Sie haben jetzt am 25. Mai einen Zwischenbericht abgegeben, in dem Sie schreiben: Kurzfristig umzusetzende Maßnahmen sind derzeit eingeleitet, und weiterführende Maßnahmen, die auch als Daueraufgabe fortgeführt werden müssen, sind in Vorbereitung. Frau Ministerin, das ist "Bürokratiesprech". Was heißt das konkret? – Ich fordere Sie auf, das heute bei dieser Gelegenheit dem Bayerischen Landtag zu erläutern.

(Beifall bei der SPD)

Ich will zwei Beispiele aus der Mängelliste des ORH herausgreifen, also zwei Beispiele aus den 13 Punkten.
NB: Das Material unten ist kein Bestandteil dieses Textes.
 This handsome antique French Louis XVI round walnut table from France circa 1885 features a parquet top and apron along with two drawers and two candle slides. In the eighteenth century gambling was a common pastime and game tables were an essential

Der Oberste Rechnungshof hat Personalbedarfsanalysen gefordert. Wir werden in diesem Haus bald mit den Beratungen über den neuen Doppelhaushalt beginnen, und ich finde, der Landtag hat ein Recht darauf, zu erfahren, wann Sie diese Personalbedarfsanalysen durchführen lassen wollen. Schließlich müssen etwaige Personalausgaben von den Mitgliedern dieses Landtags im Haushalt bewilligt werden. Wann dürfen wir diesbezüglich mit Auskünften und Vorschlägen von Ihrer Seite rechnen?

Ein weiteres Beispiel. Haben Sie auch angesichts der gestiegenen Gefahr zum Beispiel von Hepatitis E in Schweinefleisch endlich dafür gesorgt, dass in der Schweinemast wenigstens die vorgeschriebene Anzahl von Kontrollen durchgeführt wird und nicht nur, wie der ORH zu Recht bemängelt hat, weniger als die Hälfte der vorgeschriebenen Kontrollen?
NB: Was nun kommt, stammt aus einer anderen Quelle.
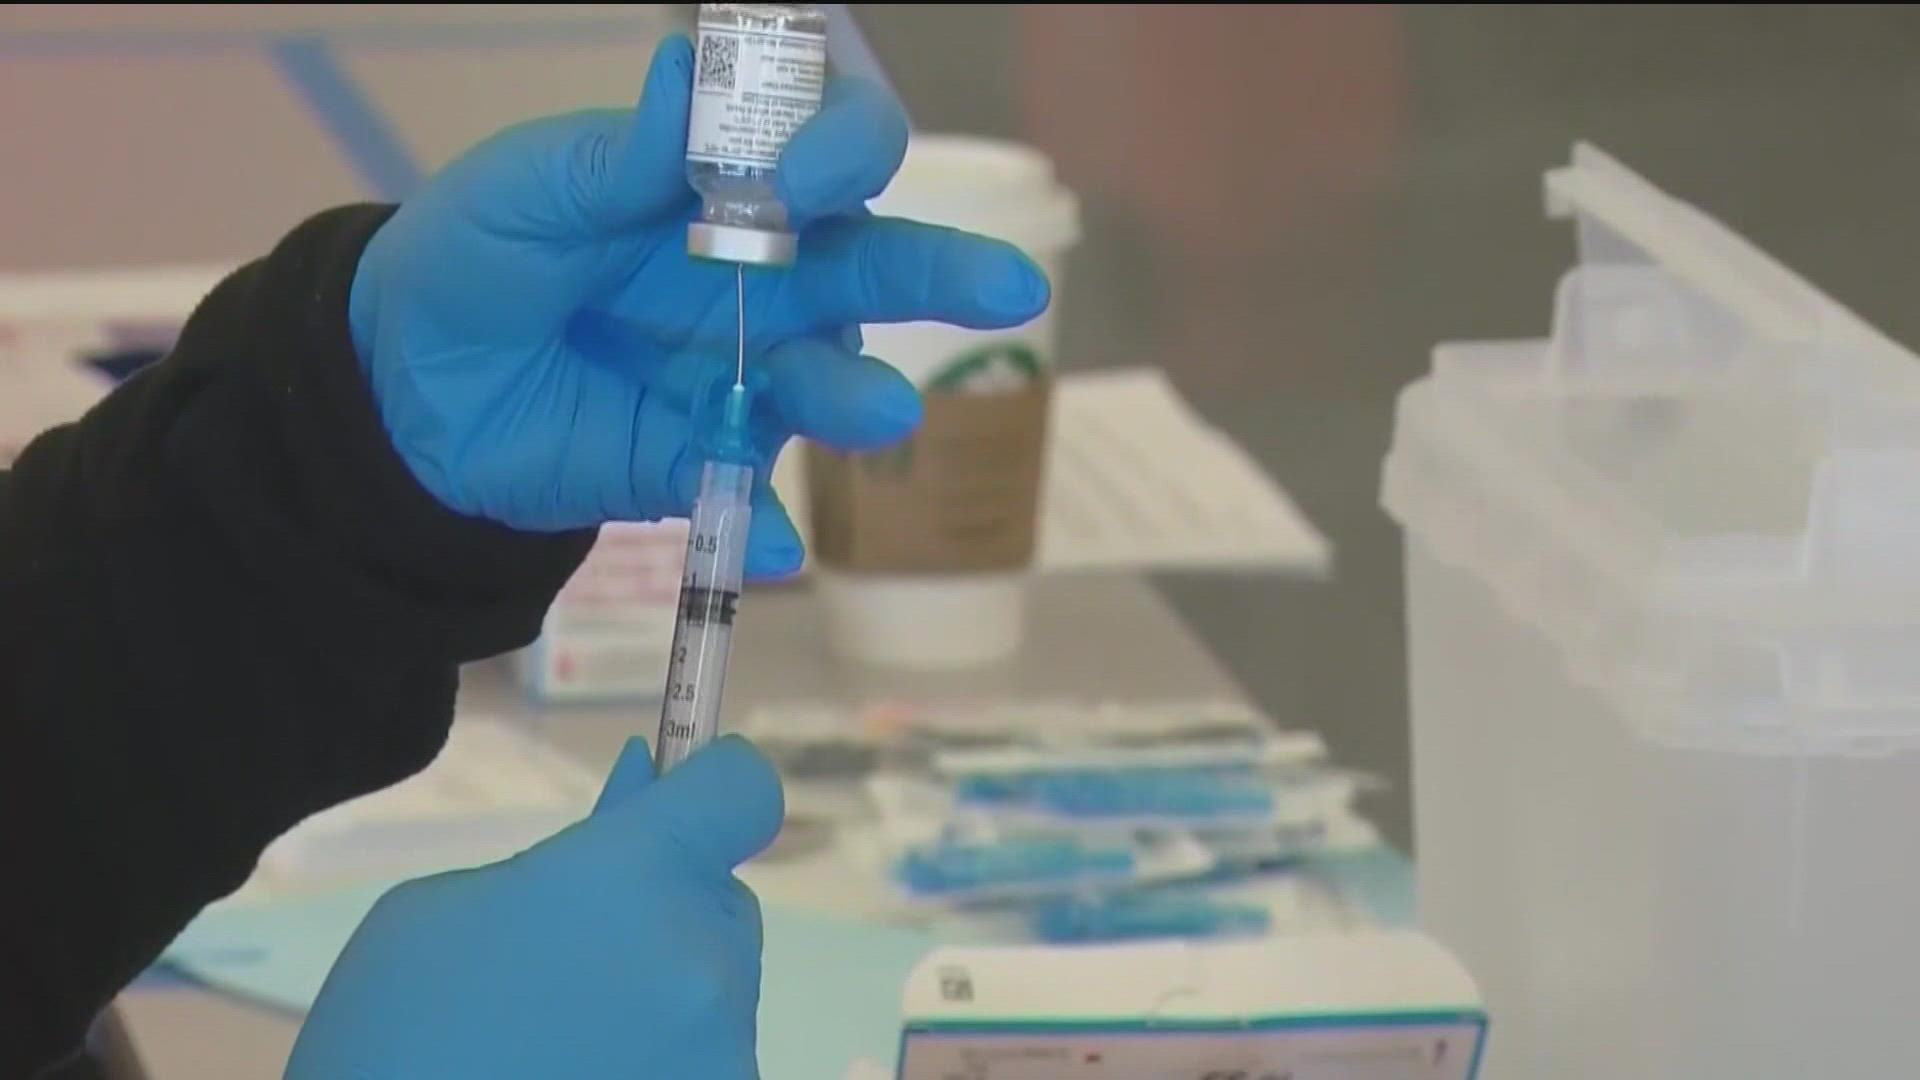 San Diego County is telling families to start making appointments now for children under 5 years of age to get COVID-19 vaccines.

Frau Ministerin, es wird aus unserer Sicht Zeit, dass Sie liefern, dass von Ihnen endlich substanzielle Vorschläge kommen, insbesondere zu unseren eben genannten Forderungen und Vorschlägen, was die Organisation des Verbraucherschutzes und was die Herstellung eines effektiven Verbraucherschutzes in Bereichen angeht, wo wir Probleme haben; denn jeder Tag, der ins Land geht, ohne dass der gesundheitliche Verbraucherschutz und die Kontrollen in Bayern reformiert sind, bedeutet Gefahr für Leib und Leben der Menschen hier im Freistaat und über seine Grenzen hinaus. Das wollen und werden wir nicht akzeptieren.